According to a recent survey by Udemy, 62% of organisations are focusing on closing skills gaps, essential to keeping teams competitive, up to date and armed with the relevant skills to adapt to future challenges.  For many institutions, an important first step is connecting their analytics teams and data professionals to encourage the collaboration and sharing of knowledge. With ‘Data literacy’ fast becoming the new computer literacy, workforces with strong data skills are fast realising the strength and value of such skills across the whole organisation.

As the UK’s largest employer, comprising 207 clinical commissioning groups, 135 acute non-specialist trusts and 17 acute specialist trusts in England alone, the NHS faces a particularly daunting task when it comes to connecting their data professionals, a vast group which includes clinicians as well as performance, information and health analysts.
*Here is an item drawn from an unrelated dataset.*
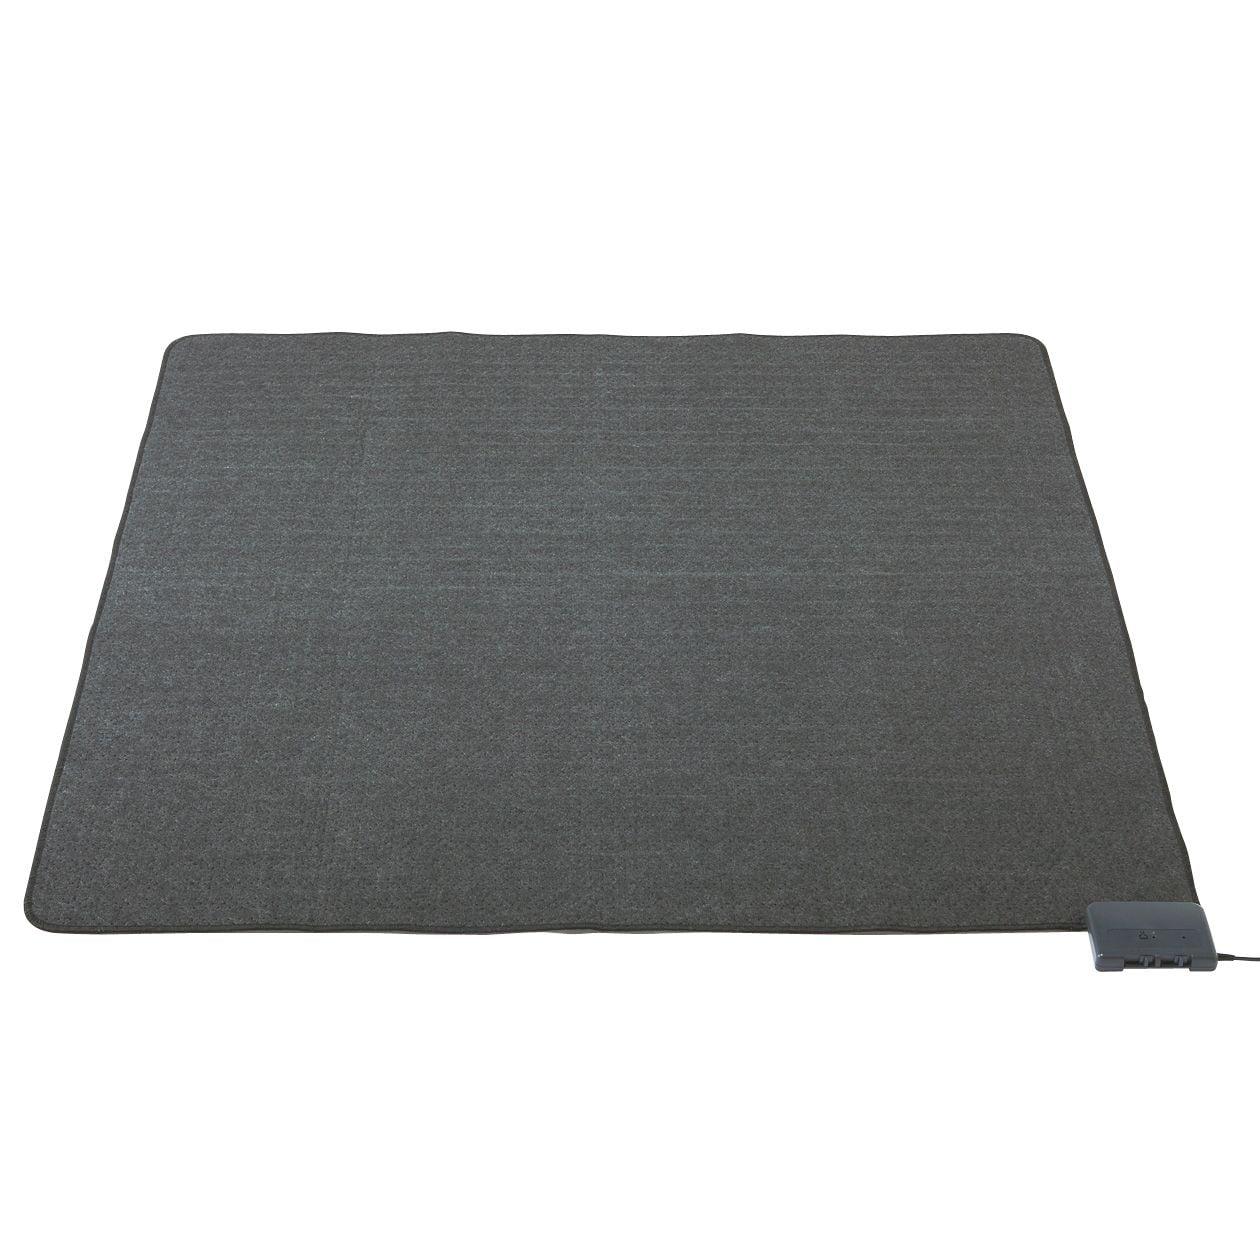 ホットカーペット・2畳用 型番:ELC‐MJ20

The NHS-R community was the brainchild of Professor Mohammed Mohammed, Principal Consultant (Strategy Unit), Professor of Healthcare, Quality & Effectiveness at the University of Bradford. He argues,  “I’m pretty sure there is enough brain power in NHS to tackle any analytical challenge, but what we have to do is harness that power, promoting R as the incredible tool that it is, and one that can enable the growing NHS analytics community to work collaboratively, rather than in silos”.

Three years in and the NHS-R Community has begun to address that issue, bringing together once disparate groups and individuals to create a community, sharing insights, use cases, best practices and approaches, designed to create better outputs across the NHS with a key aim of improving patient outcomes.  Having delivered workshops at previous NHS-R conferences, Mango consultants were pleased to support the most recent virtual conference with two workshops – An Introduction to the Tidyverse and Text Analysis in R. These courses proved to be a popular choice with the conference attendees, attracting feedback such as “The workshop has developed my confidence for using R in advanced analysis” and “An easy to follow and clear introduction to the topic.”

Liz Mathews, Mango’s Head of Community, has worked with Professor Mohammed from the beginning, sharing information and learnings from our own R community work and experience.  Professor Mohammed commented:

“The NHS-R community has, from its very first conference, enjoyed support from Mango who have a wealth of experience in using R for government sector work and great insight in how to develop and support R based communities. Mango hosts the annual R in Industry conference (EARL) to which NHS-R Community members are invited and from which we have learned so much. We see Mango as a friend and a champion for the NHS-R Community.”